I want to thank you, Senator Barbara Mikulski, for being the first
member of Congress to talk to me about the digital divide. And once I
realized you were interested in it, I stopped worrying about whether we
would address it -- (laughter) -- because no one will ever say "no" to
the Senate's spark plug of energy. I want to thank Secretary Herman for
her support. And, Secretary Glickman, thank you for being here. Harris
Wofford, the leader of our national service movement; and Gene Sperling,
my National Economic Advisor, who has pushed this whole digital divide
issue so passionately.
I want to thank the members of Congress who are here. Over to my
left, Senator John Breaux, my neighbor, from the Mississippi Delta,
where we are very interested in the potential of the computer and the
Internet. And we just had a large delegation of House members that have
come in -- they've been voting and I'm glad they're here. I hope I have
all their names, but I'd like to introduce them: Representative Maxine
Waters, Representative Bart Stupak, Representative Ellen Tauscher,
Representative Lucille Roybal-Allard, Representative Silvestre Reyes,
Representative John Larson, Representative Eddie Bernice Johnson,
Representative Zoe Lofgren, Representative Ruben Hinojosa. Thank you
all for being here. (Applause.) Did I get everybody? Thank you. And
Elijah Cummings, from Maryland -- he's on the front row.
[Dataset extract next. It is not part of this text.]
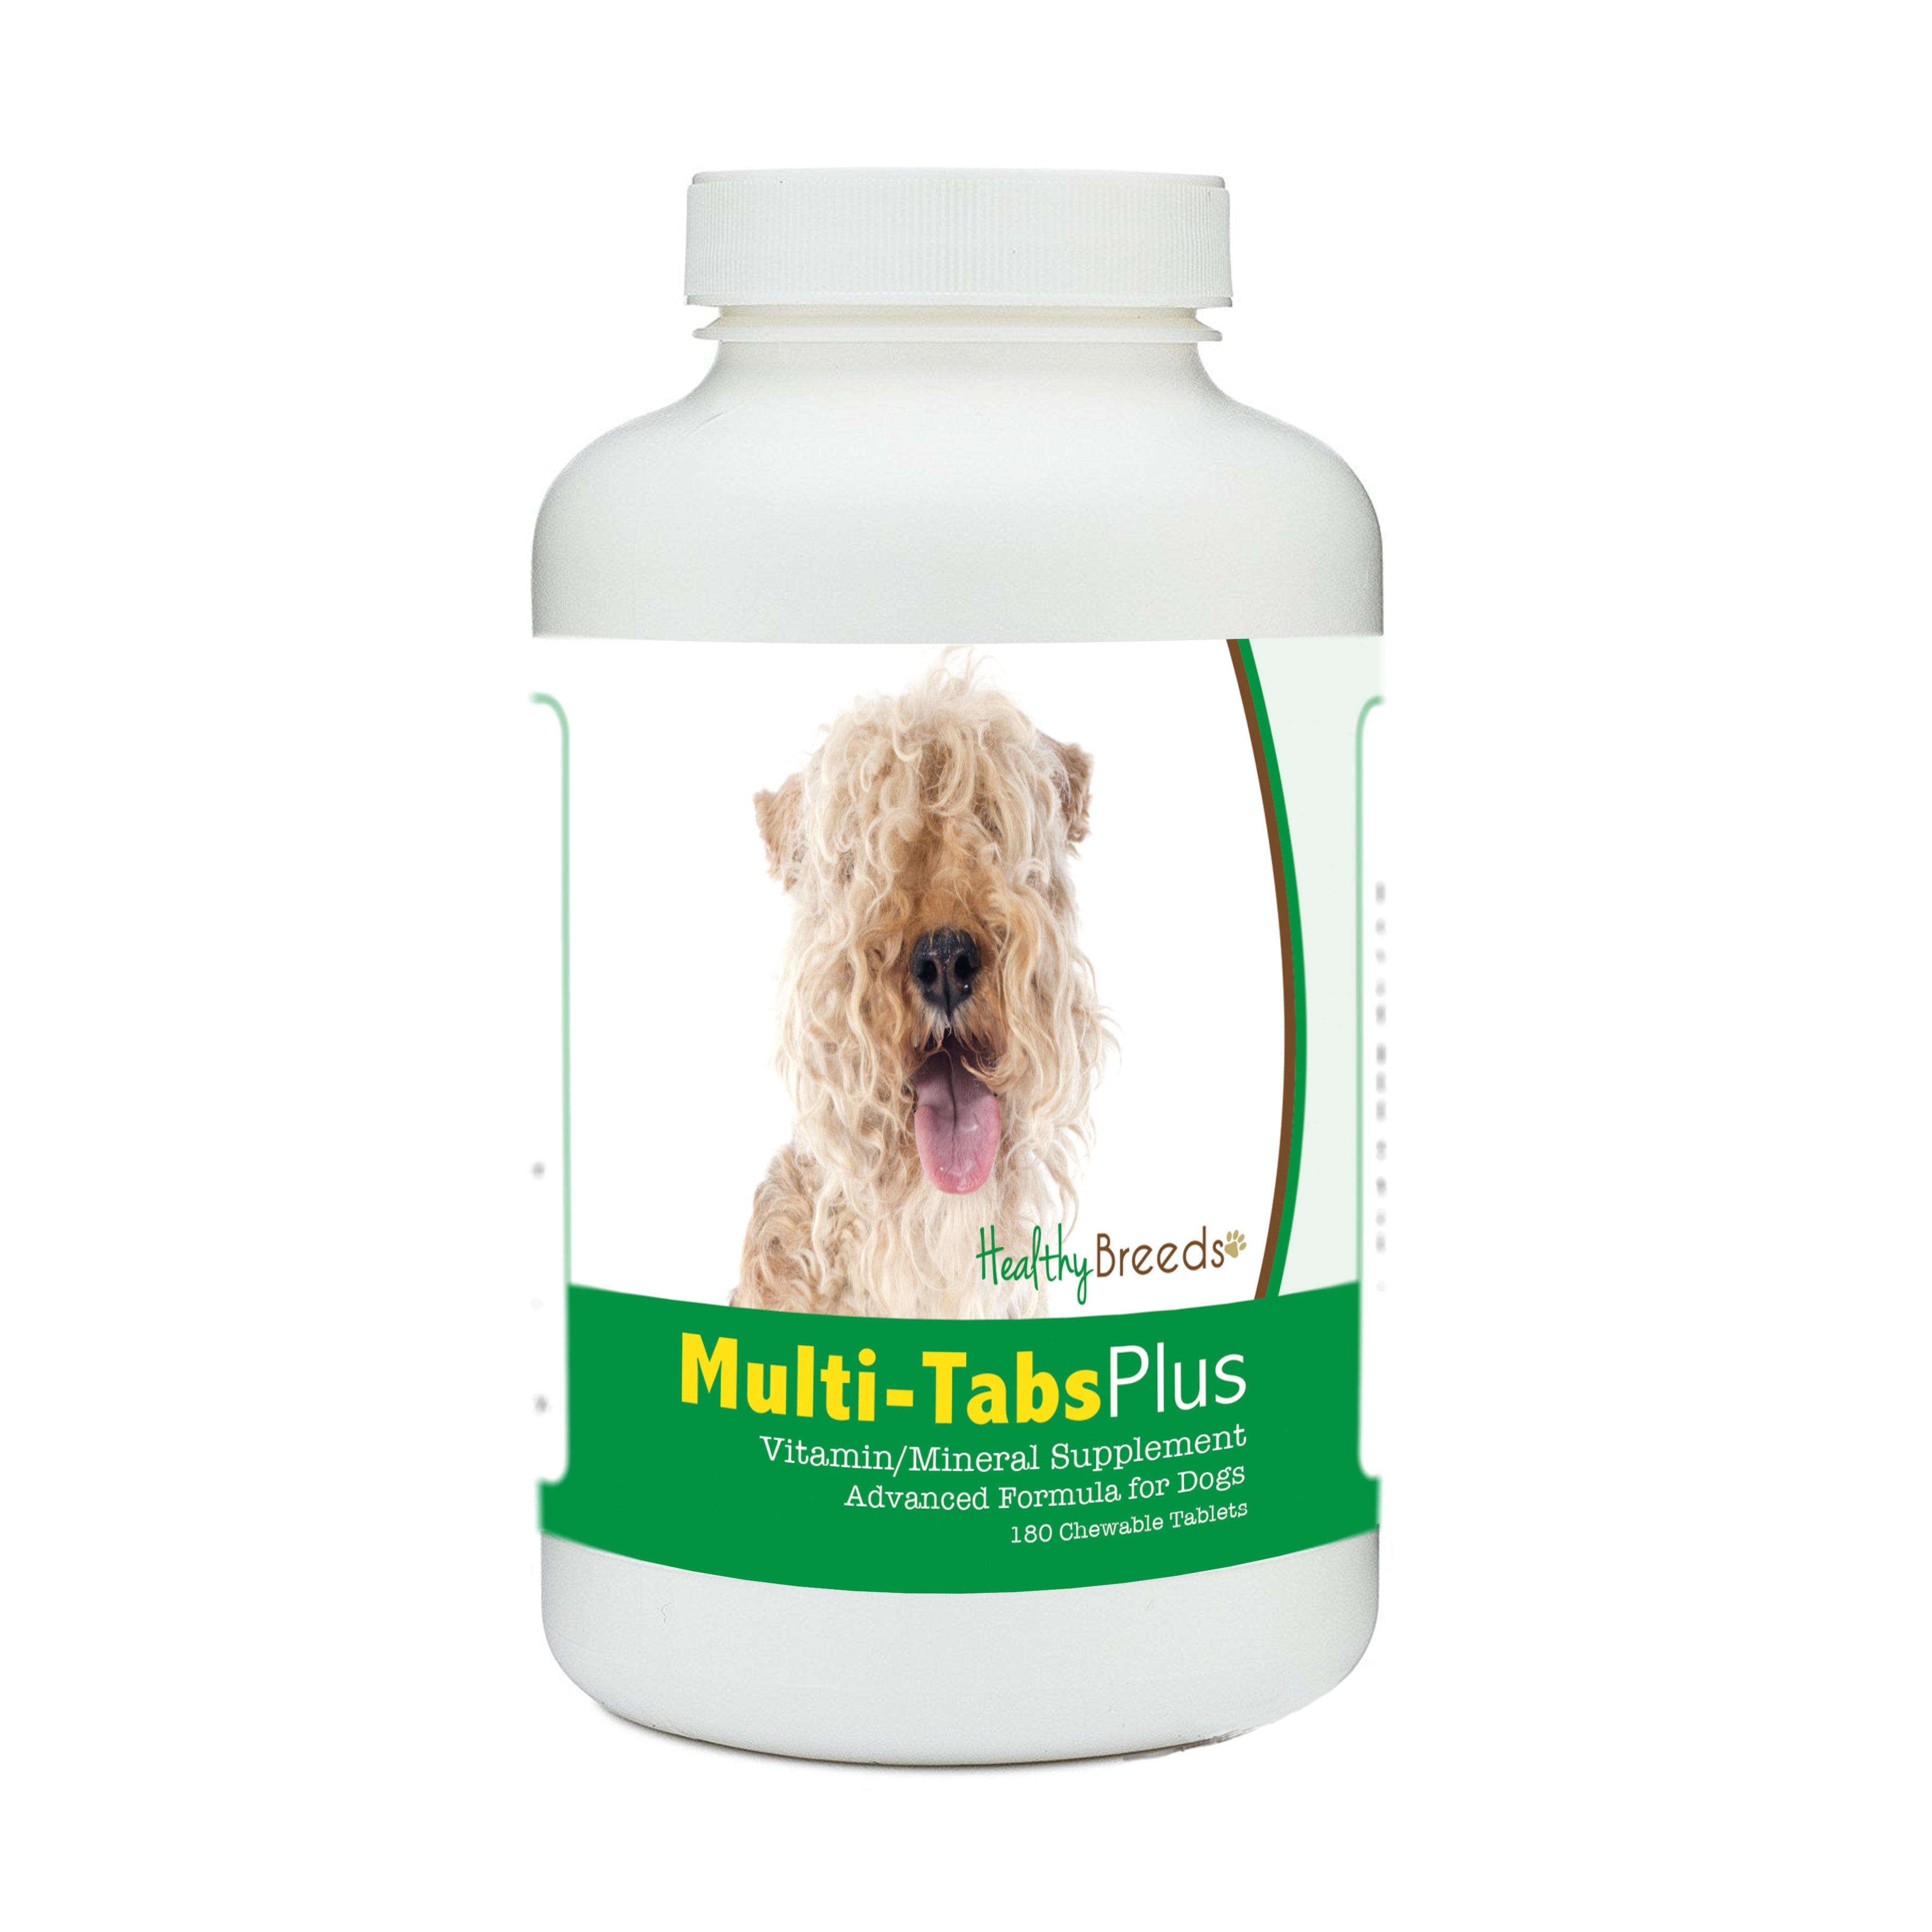 Lakeland Terrier Multi-Tabs Plus Chewable Tablets 180 Count

I'd also like to thank Governor Angus King, from Maine, for being
here. He is working to create an endowment fund in Maine to provide
portable computers and Internet access to all 7th graders, so they can
actually be taken home.
There are many other distinguished Americans here who have worked
on this. Bob Johnson, the head of BET, thank you for being here. And I
want to acknowledge the presence of former Governor of West Virginia,
Gaston Caperton, now the head of the College Board. West Virginia,
under his leadership, was the first state to provide computer access to
all elementary school students. So we're glad to have you here, sir.
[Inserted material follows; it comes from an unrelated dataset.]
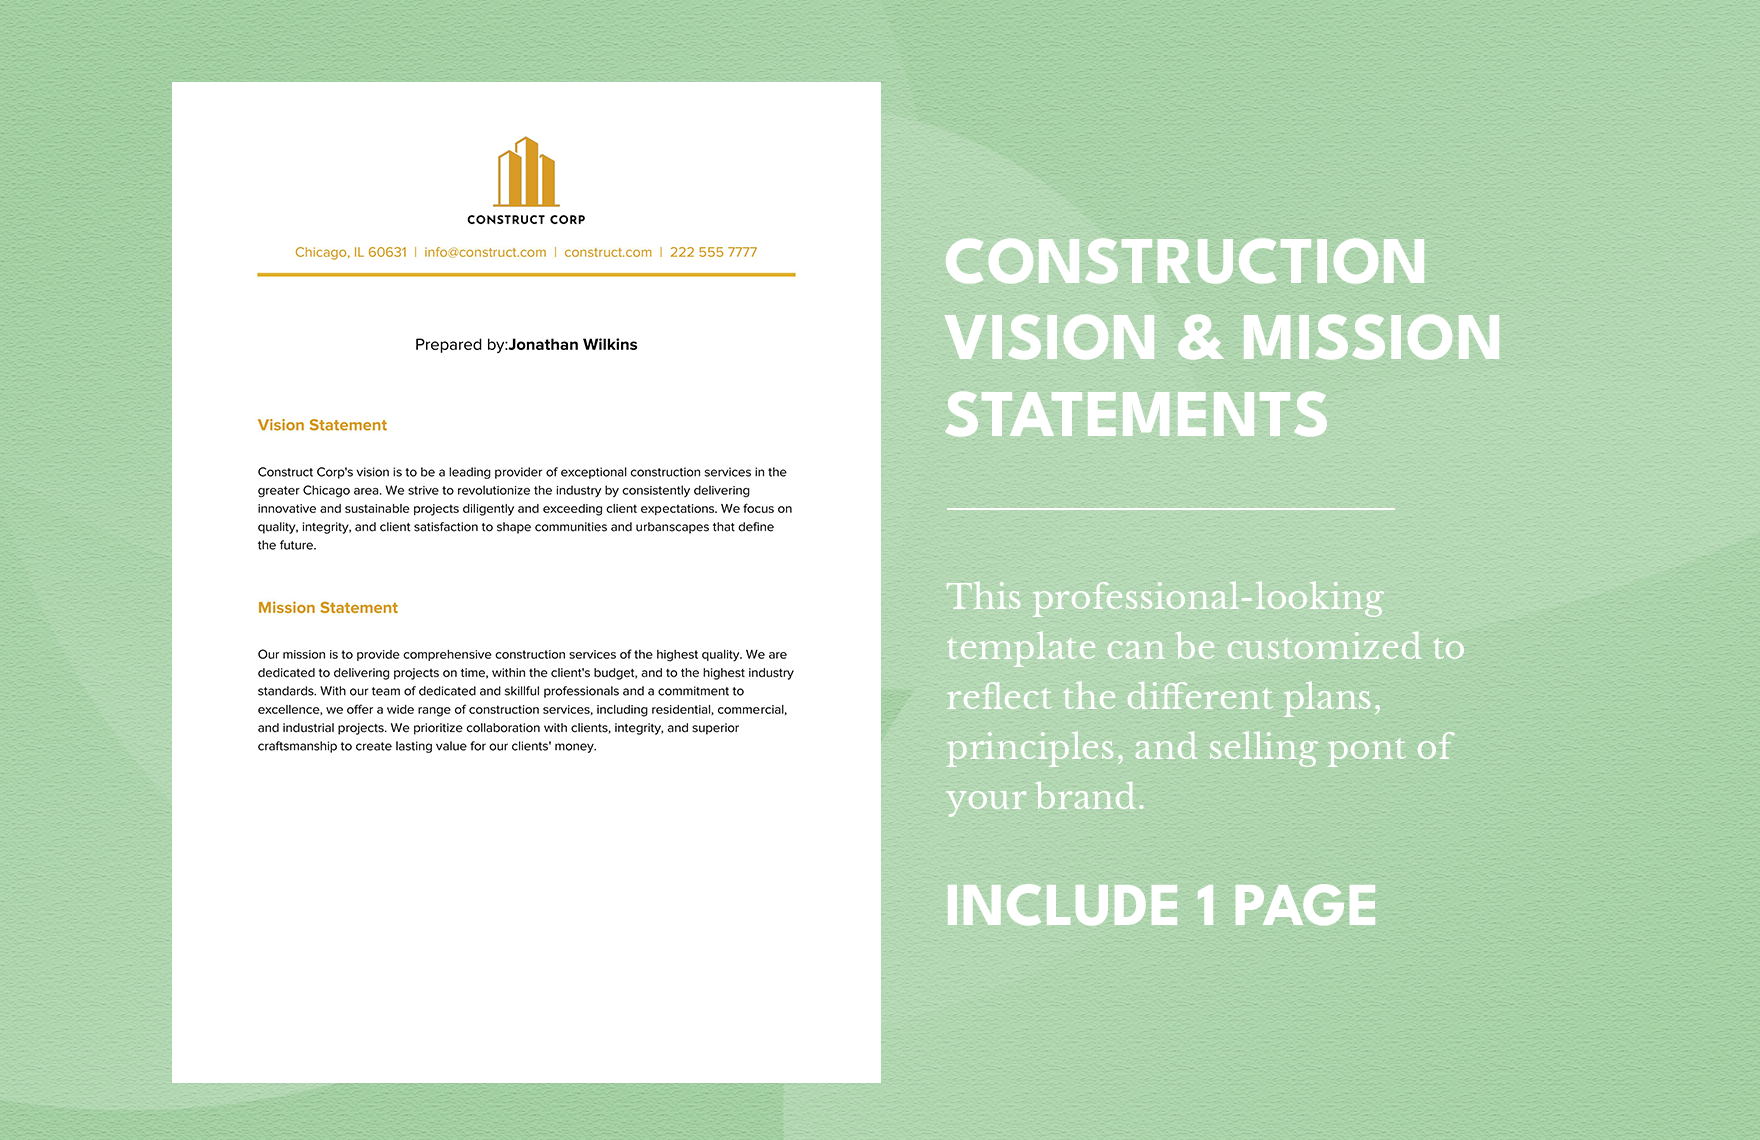 Construction Vision & Mission Statements

And I thank you all for being here.
I want to talk about what we're doing now as we set the stage for
the administration's third New Markets tour, which will begin in the
week of April the 16th. But before I begin, I would like to acknowledge
two very important developments yesterday in America's ongoing fight to
protect our children from the dangers of guns falling into the hands of
criminals and children -- one of them in Senator Mikulski's home state
of Maryland.
Last night I called Governor Glendenning and Lieutenant Governor
Kathleen Kennedy Townsend to congratulate them and the Maryland
Legislature for passing legislation requiring built-in child safety
locks on new handguns, ballistics testing for new guns, and safety
training for gun purchasers. And yesterday, Massachusetts began
enforcing tougher consumer product safety rules, banning junk guns and
requiring trigger locks. Next week, I'm going out to Colorado to
support a citizen ballot initiative there that would close the gun show
loophole.
These are all great efforts, and I think it's worth pointing out
that they are bipartisan efforts in these states. (Applause.)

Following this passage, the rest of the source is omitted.